- Activity -
Below are records with pictures in them. Output exactly the lines from the one with "Aquarius Hand Drawn" through the one with "Ramen burger by Lea HoggRamen", both included, and leave every picture out; give only those lines.

- Extracted entries -
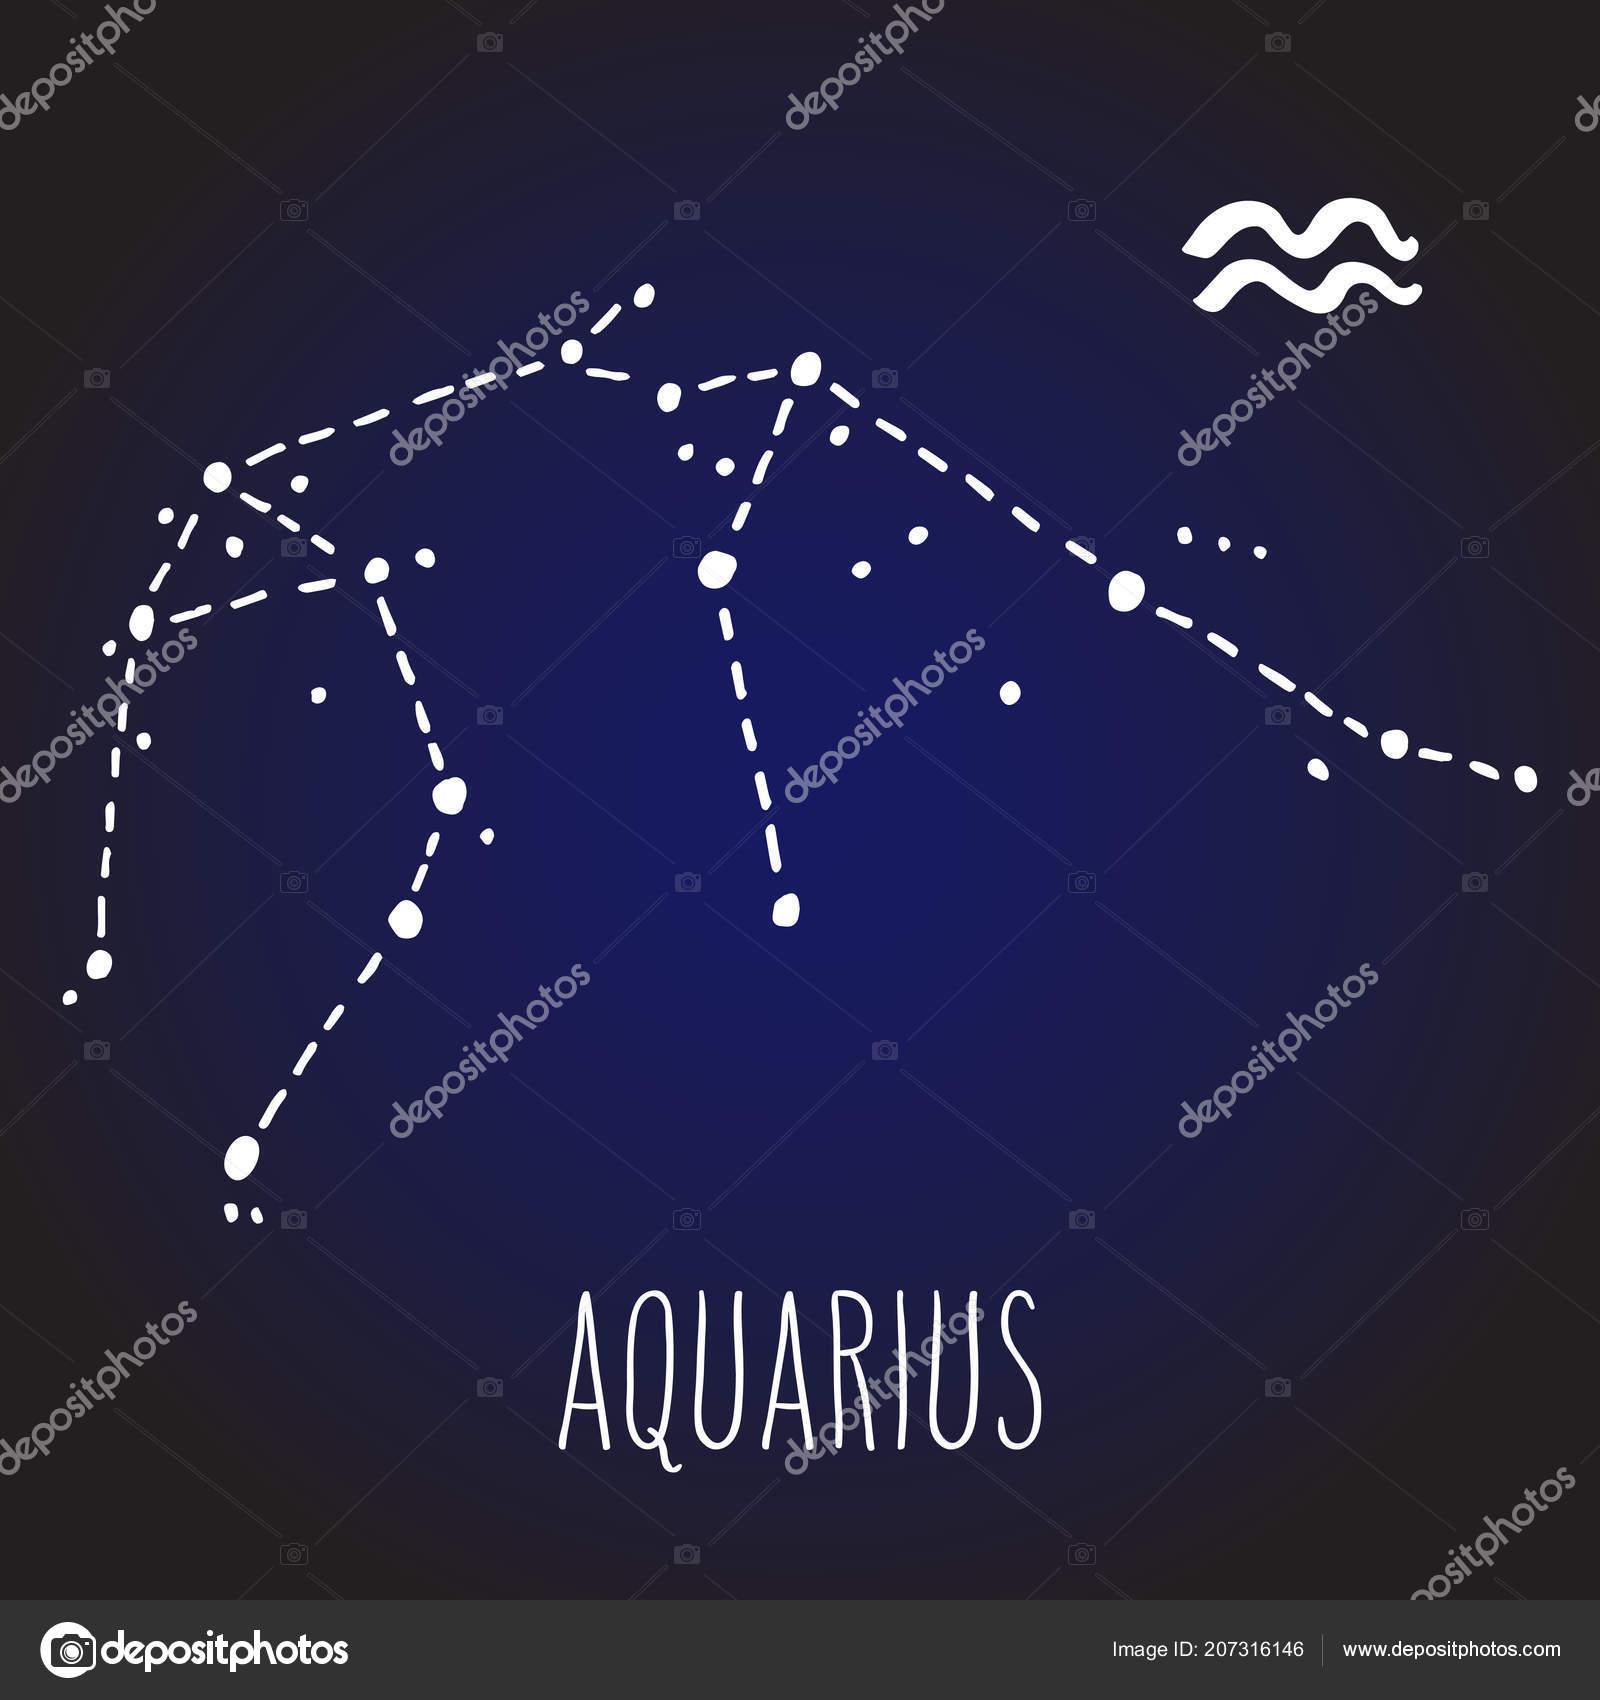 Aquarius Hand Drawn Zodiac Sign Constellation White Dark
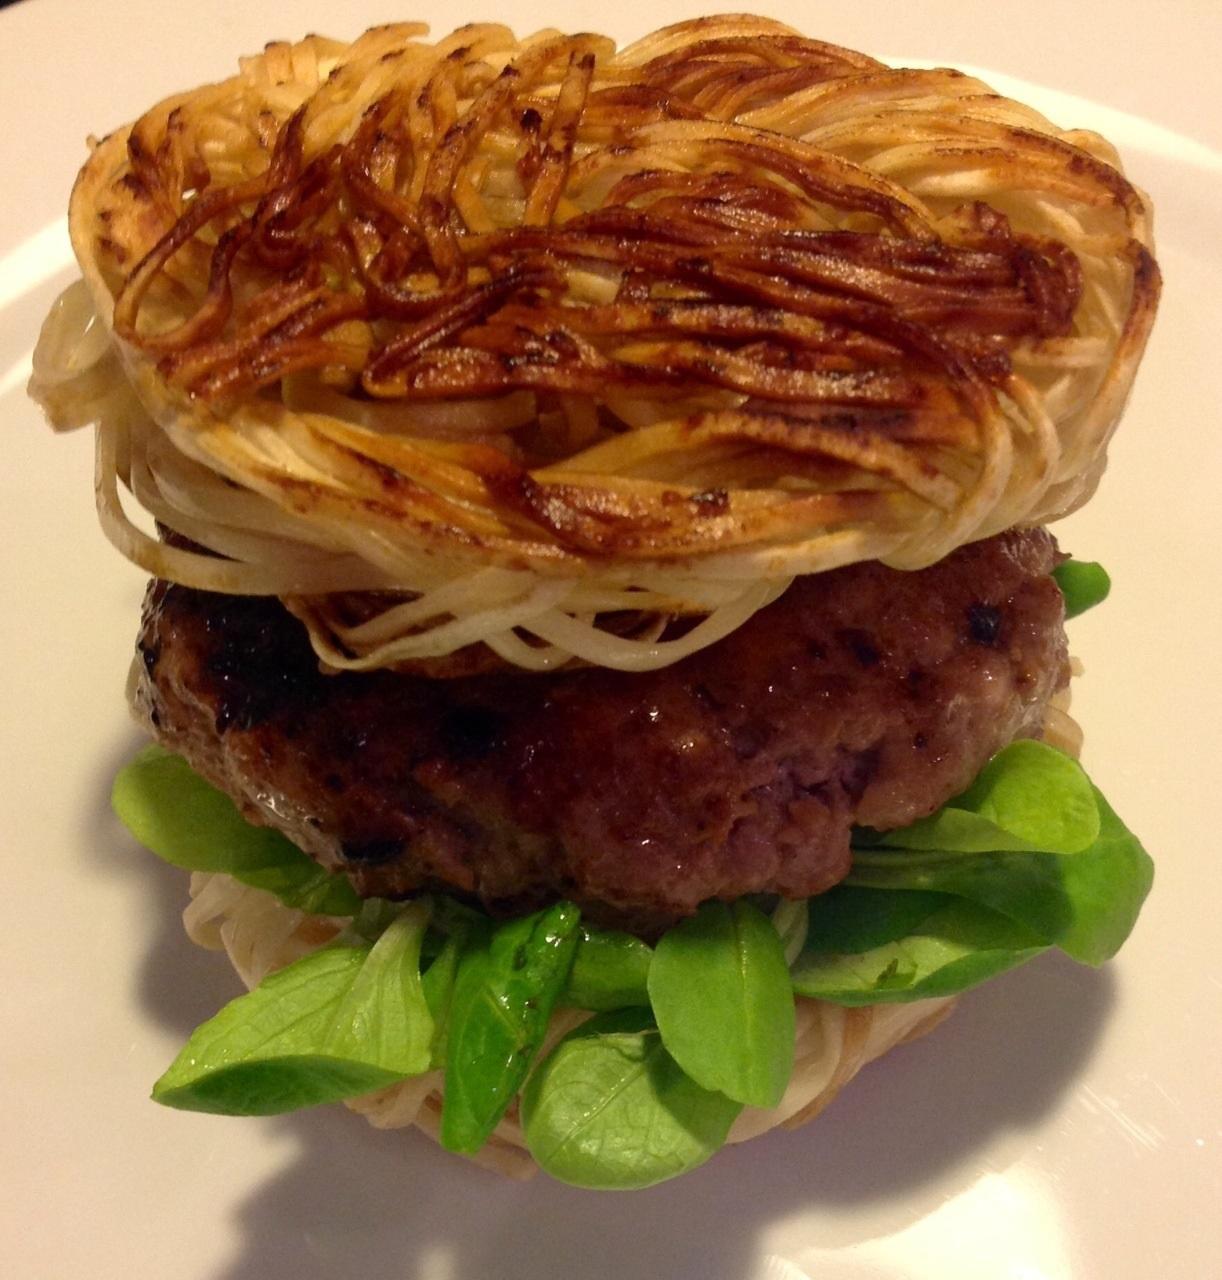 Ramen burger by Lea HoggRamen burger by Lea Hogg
--
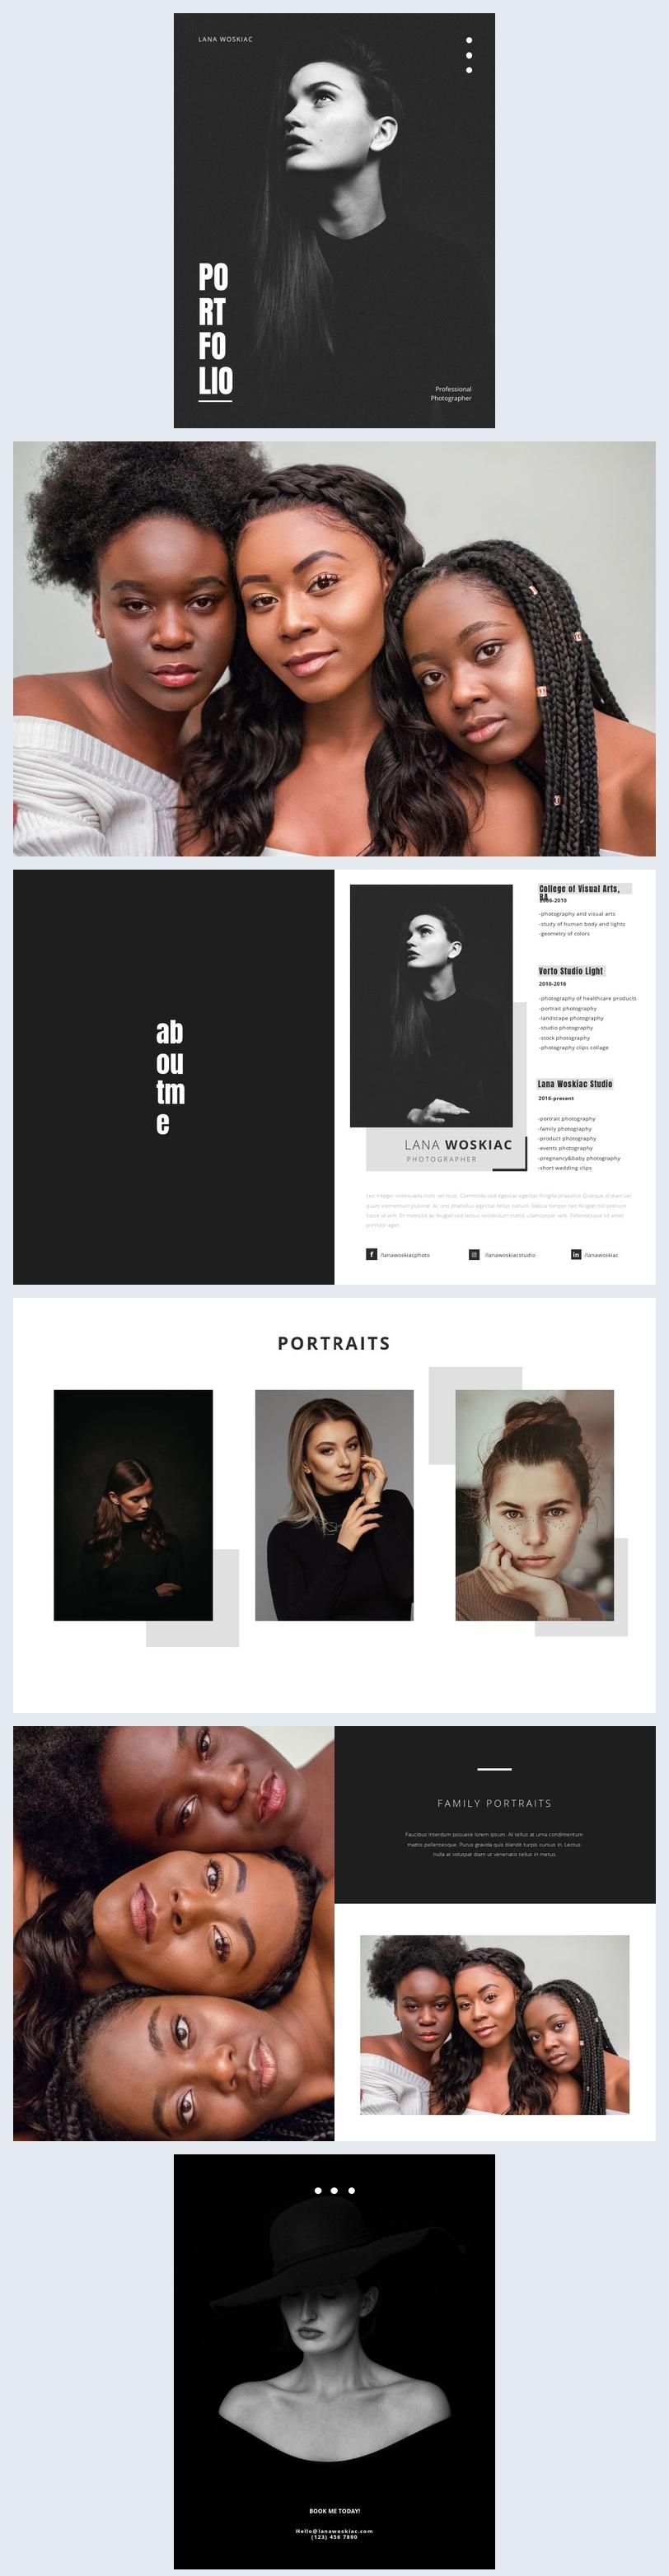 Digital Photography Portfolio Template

- Solution -
 Aquarius Hand Drawn Zodiac Sign Constellation White Dark
 Ramen burger by Lea HoggRamen burger by Lea Hogg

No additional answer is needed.